Auparavant, le chef de file de son parti au Bundestag, Rolf Mützenich, avait jugé que la proposition des "sages" était "très intéressante".

Son homologue des Verts, Katharina Dröge, avait de son côté déploré qu'"il ne soit pas possible de se mettre d'accord" sur le sujet entre les trois partenaires de la coalition, sociaux-démocrates, écologistes, libéraux.

Car ces derniers refusent catégoriquement les hausses d'impôts, un élément central de leur doctrine politique.

"Dans cette période de flambée des prix, il faut soulager les gens et non pas alourdir" les charges, a rétorqué Christian Dürr, chef des députés FDP.

Comme ailleurs en Europe, le débat est vif en Allemagne sur la façon de financer les milliards nécessaires pour protéger ménages et entreprises de la flambée des prix, dans le sillage de la guerre en Ukraine.

La première économie de la zone euro est particulièrement touchée par la crise énergétique qui pèse sur le secteur industriel et plombe les coûts de production.

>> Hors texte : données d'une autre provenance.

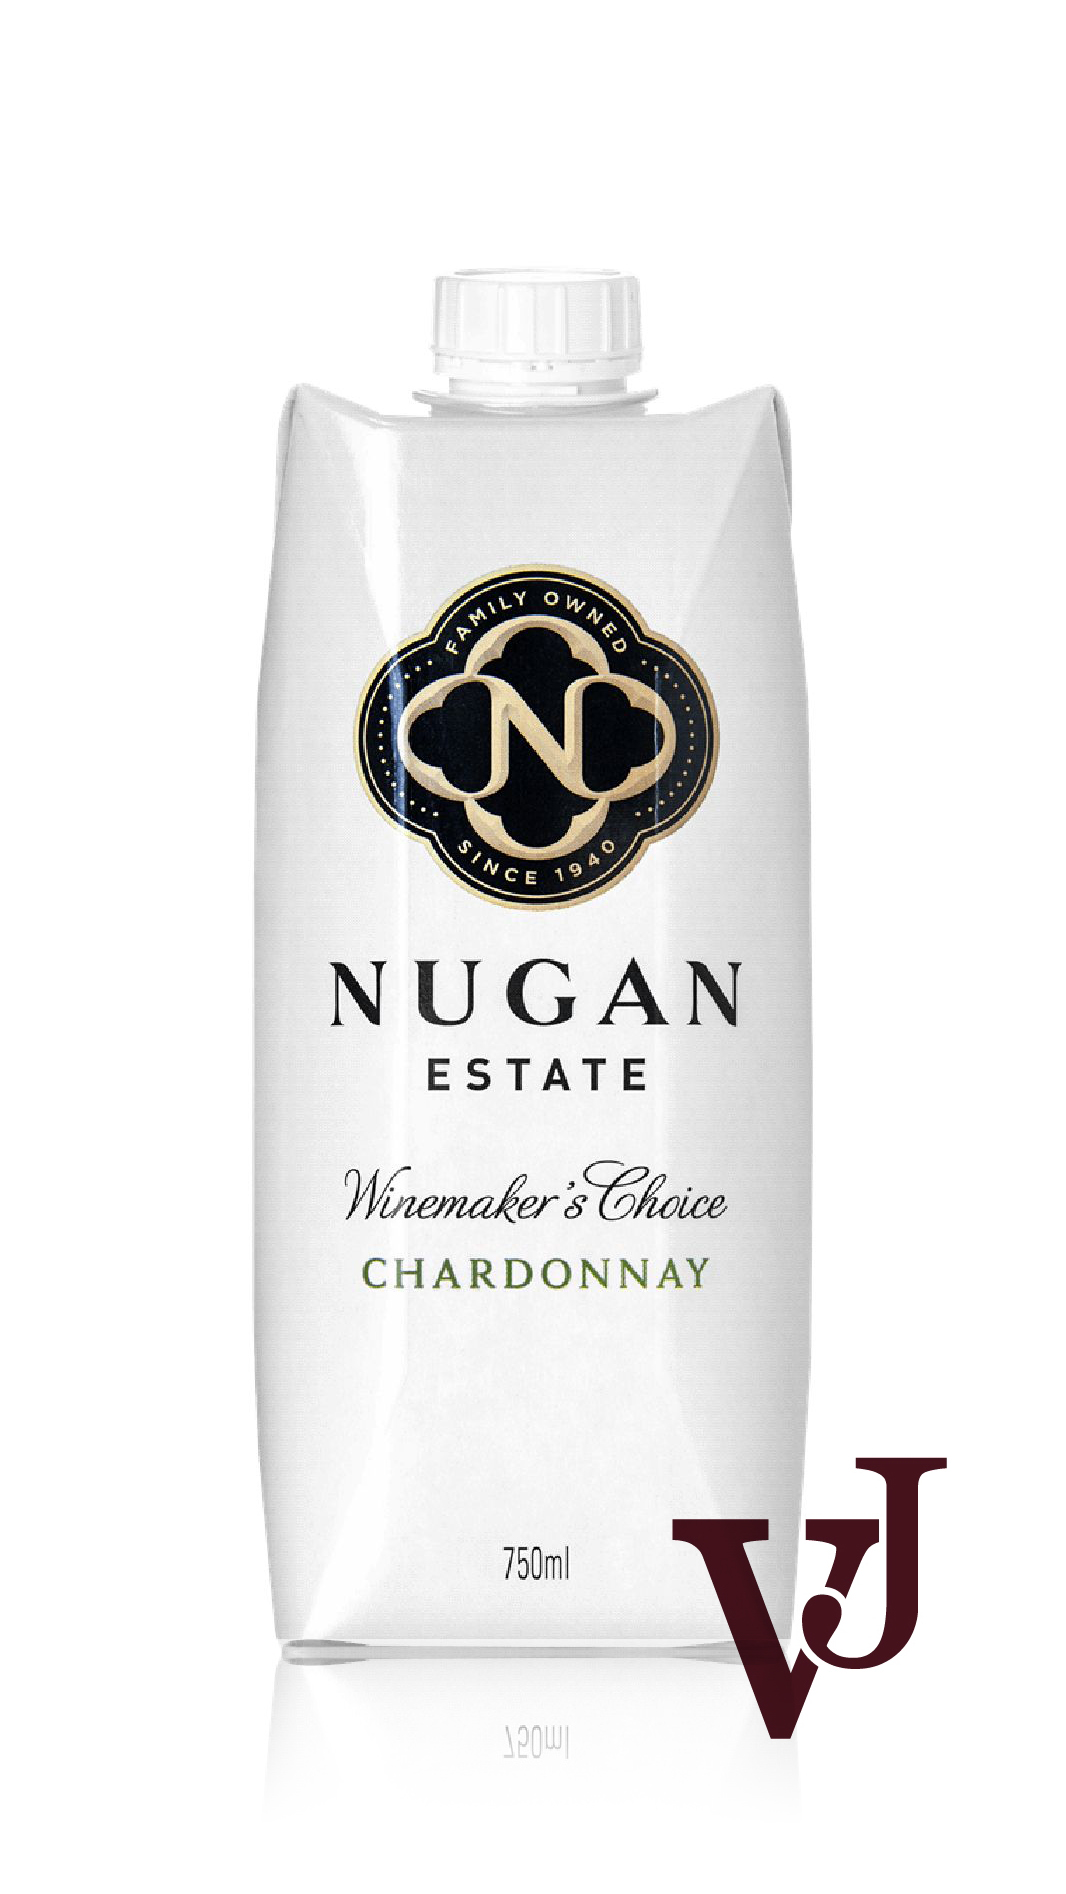 Vitt Vin - Nugan Estate Winemakers Choice artikel nummer 208511 från producenten Carl Wine från området Australien

Pour l'an prochain, les "sages" anticipent une récession de 0,2%, et le gouvernement de 0,4%.

La situation sociale est de plus en plus tendue, avec une inflation jamais vue depuis les années 50, à plus de 10%.

Les grèves pour les salaires se multiplient dans l'industrie. Plusieurs dizaines de milliers de salariés suivent depuis une semaine les consignes de débrayage du syndicat IG Metall, en pleines négociations de branche avec le patronat.

-Fonds spécial-

Dans ce contexte, le gouvernement a annoncé en septembre le déblocage de 200 milliards d'euros, financés par de nouveaux emprunts, pour bloquer les prix de l'énergie jusqu'en avril 2024.

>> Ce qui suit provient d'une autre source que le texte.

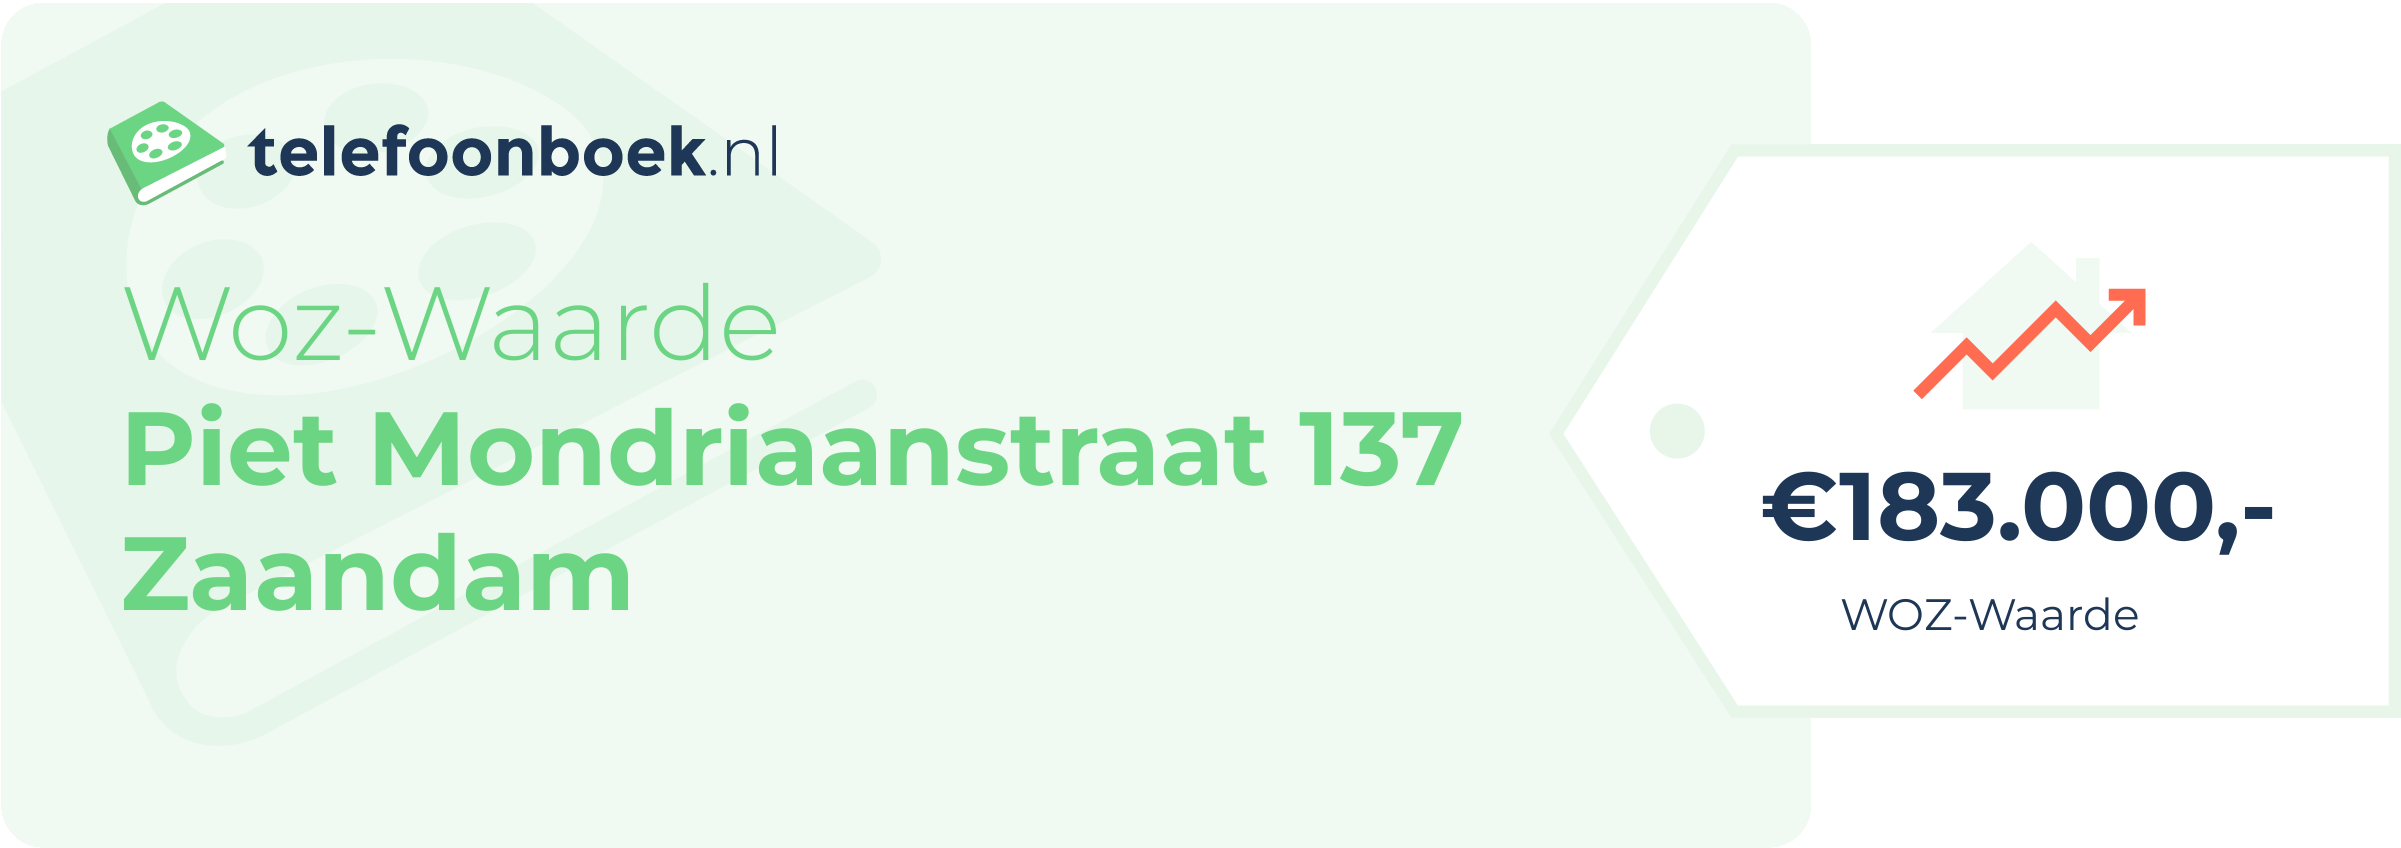 WOZ-waarde Piet Mondriaanstraat 137 Zaandam

Un fonds budgétaire spécial a été créé, échappant à la règle constitutionnelle de "frein à l'endettement", qui empêche l'Etat fédéral d'emprunter pour plus de 0,35% du PIB par année.

"Il faut que quelqu'un paie, et cela ne peut pas être que nos enfants (via la dette ndlr), a averti mercredi Monika Schnitzer, la présidente des "sages", dans une critique à peine voilée à ce que certains qualifient de "tour de passe-passe budgétaire" du gouvernement.

Une partie du plan d'aide sera aussi financée par la future taxe sur les superprofits des énergéticiens, autorisée par la Commission européenne.

Mais les "sages" estiment que cela n'est pas suffisant, et appellent également le gouvernement à "cibler" les aides sur les plus vulnérables.

"Les plus pauvres (qui) voient leur consommation particulièrement réduite, car ils dépensent une grande partie de leur revenu en énergie et en alimentation", ont-ils affirmé.

Certaines mesures, comme le rabais sur "le prix du carburant" -mis en place cet été-, "bénéficient aussi, dans une large mesure, aux ménages à hauts revenus, qui pourraient supporter eux-mêmes les charges", ont-ils ajouté.

Ce manque de discernement empêche "les incitations à économiser de l'énergie", ce qui est nécessaire au vu des risques de pénuries qui pèsent sur l'Allemagne dans les prochaines années.

Si le pays a réussi, en important massivement du gaz liquéfié, à remplir ses réserves, les inquiétudes sur l'approvisionnement demeurent pour la fin de l'hiver et l'an prochain.